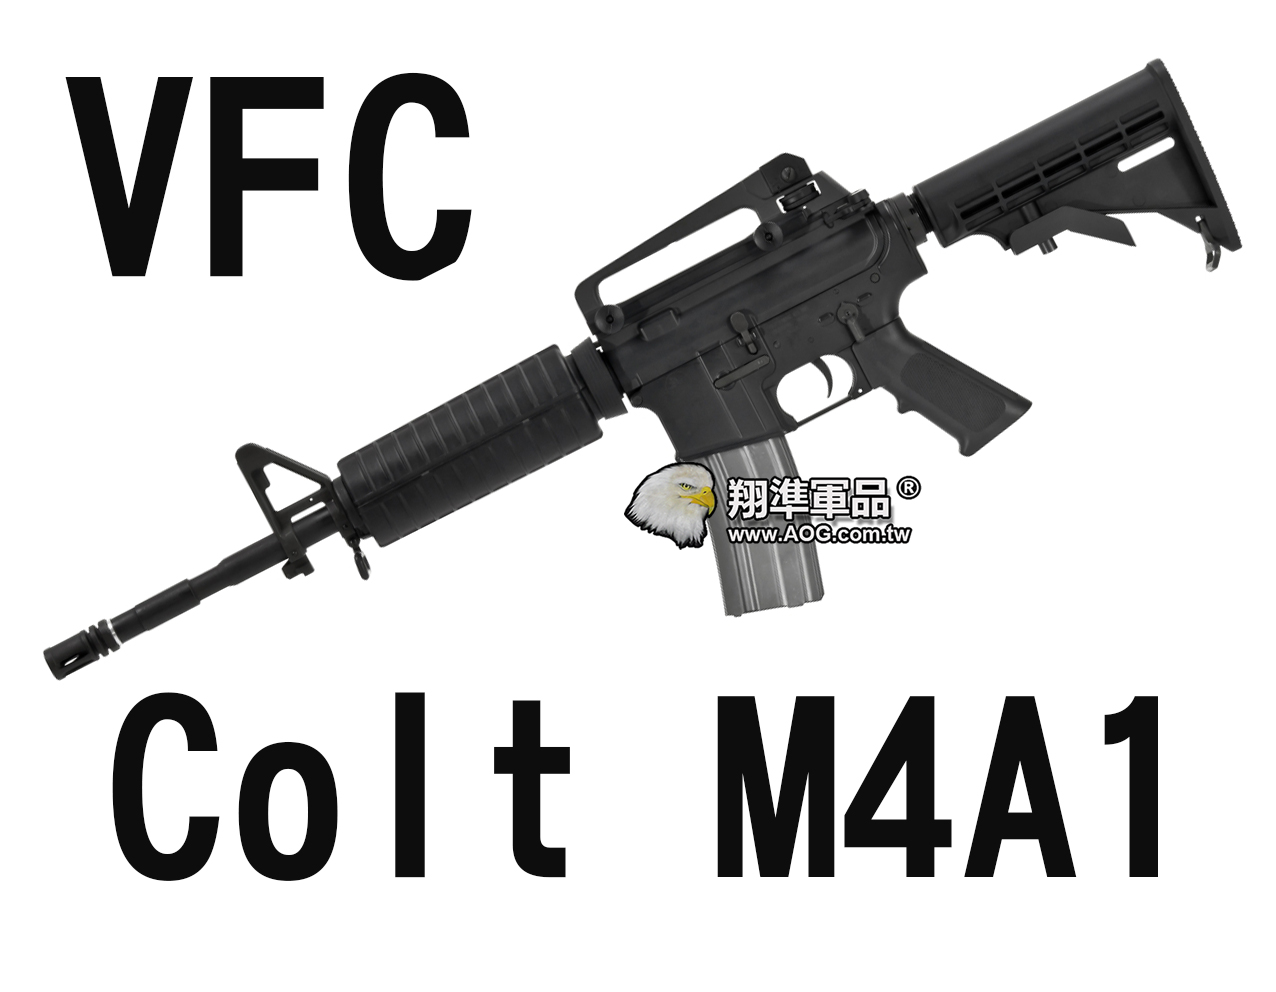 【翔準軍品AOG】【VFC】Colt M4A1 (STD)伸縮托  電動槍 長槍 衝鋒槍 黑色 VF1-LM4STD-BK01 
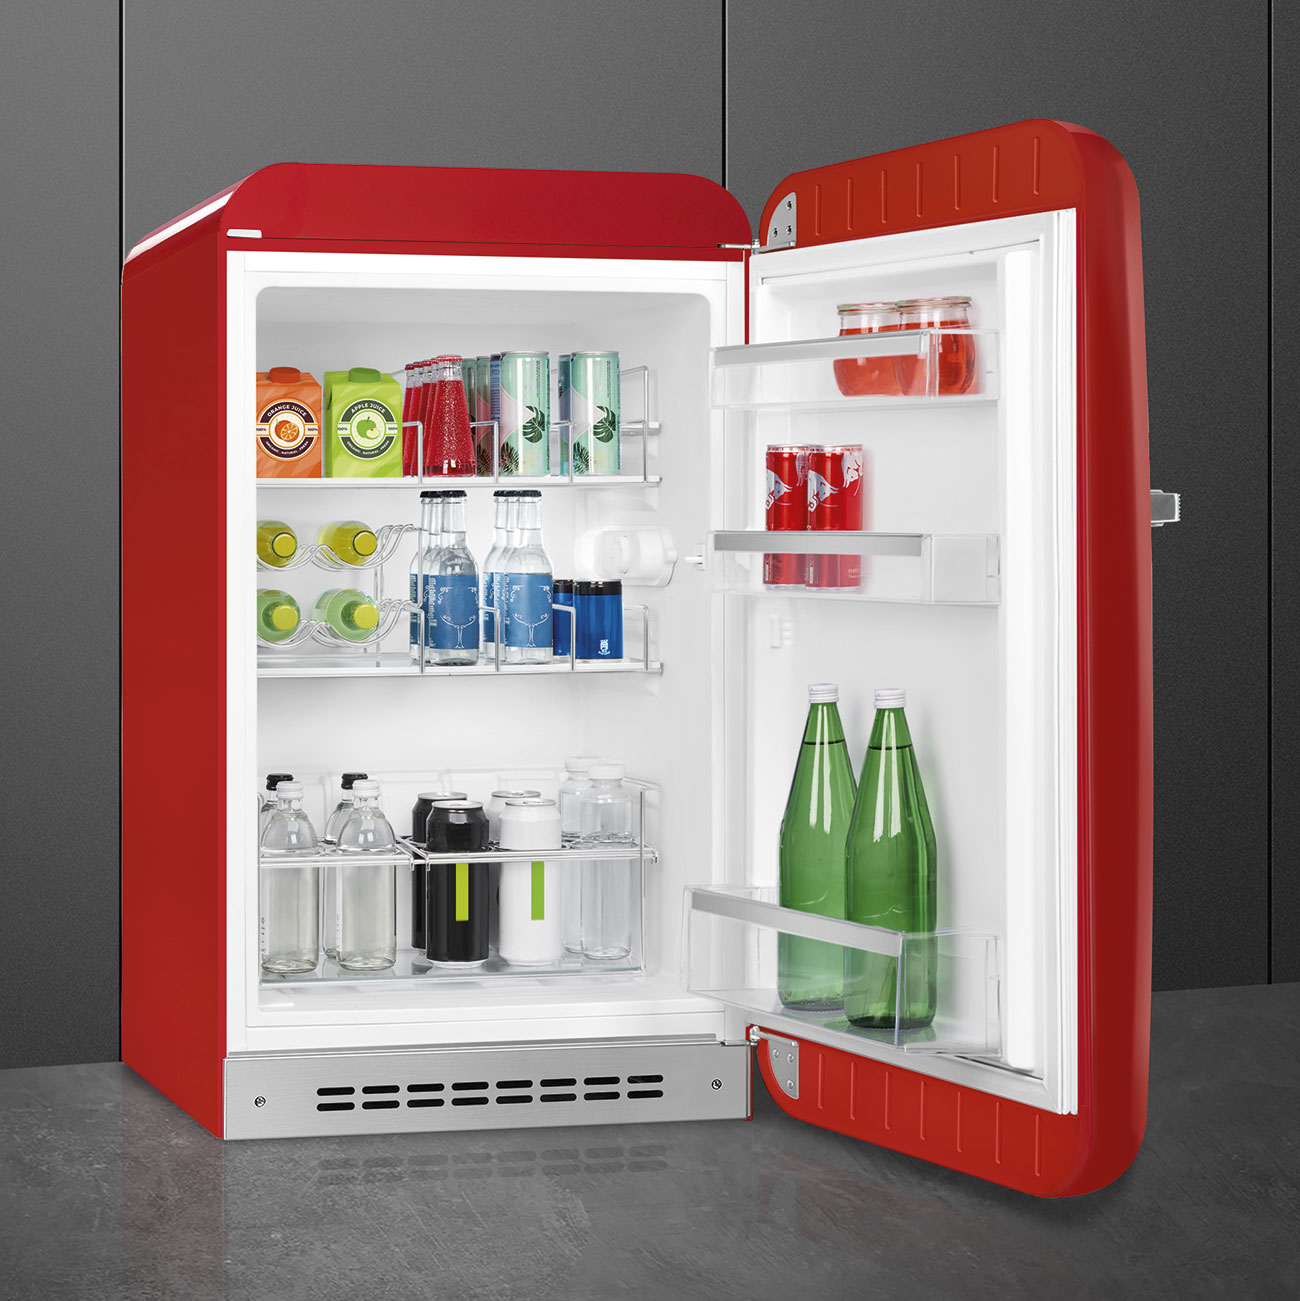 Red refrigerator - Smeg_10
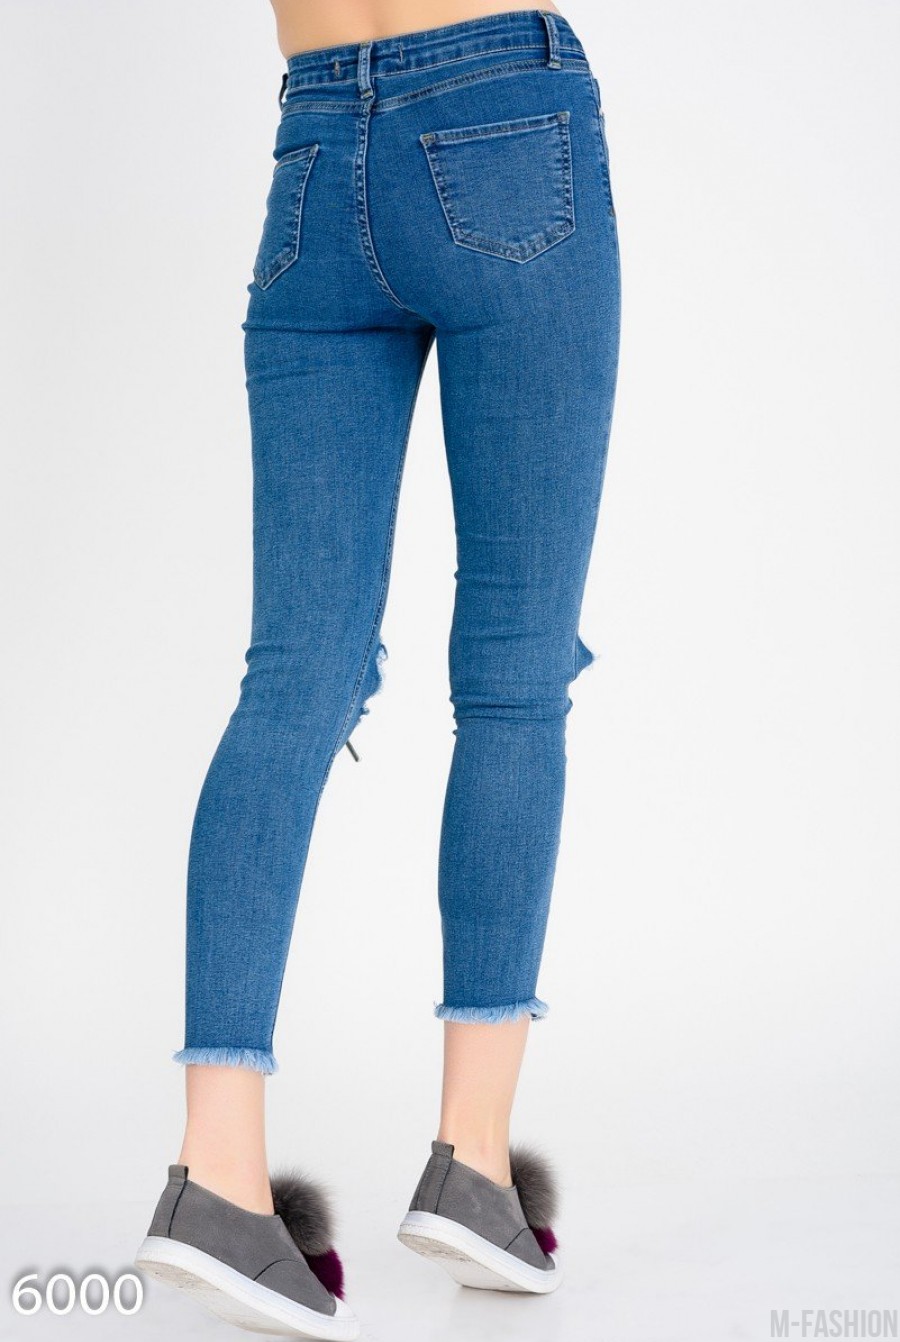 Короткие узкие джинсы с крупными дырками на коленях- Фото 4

Problem requirements - Return the whole listing, word for word, and leave out every picture.

Answer for the task -
 【翔準軍品AOG】【VFC】Colt M4A1 (STD)伸縮托  電動槍 長槍 衝鋒槍 黑色 VF1-LM4STD-BK01 
 Red refrigerator - Smeg_10
 Короткие узкие джинсы с крупными дырками на коленях- Фото 4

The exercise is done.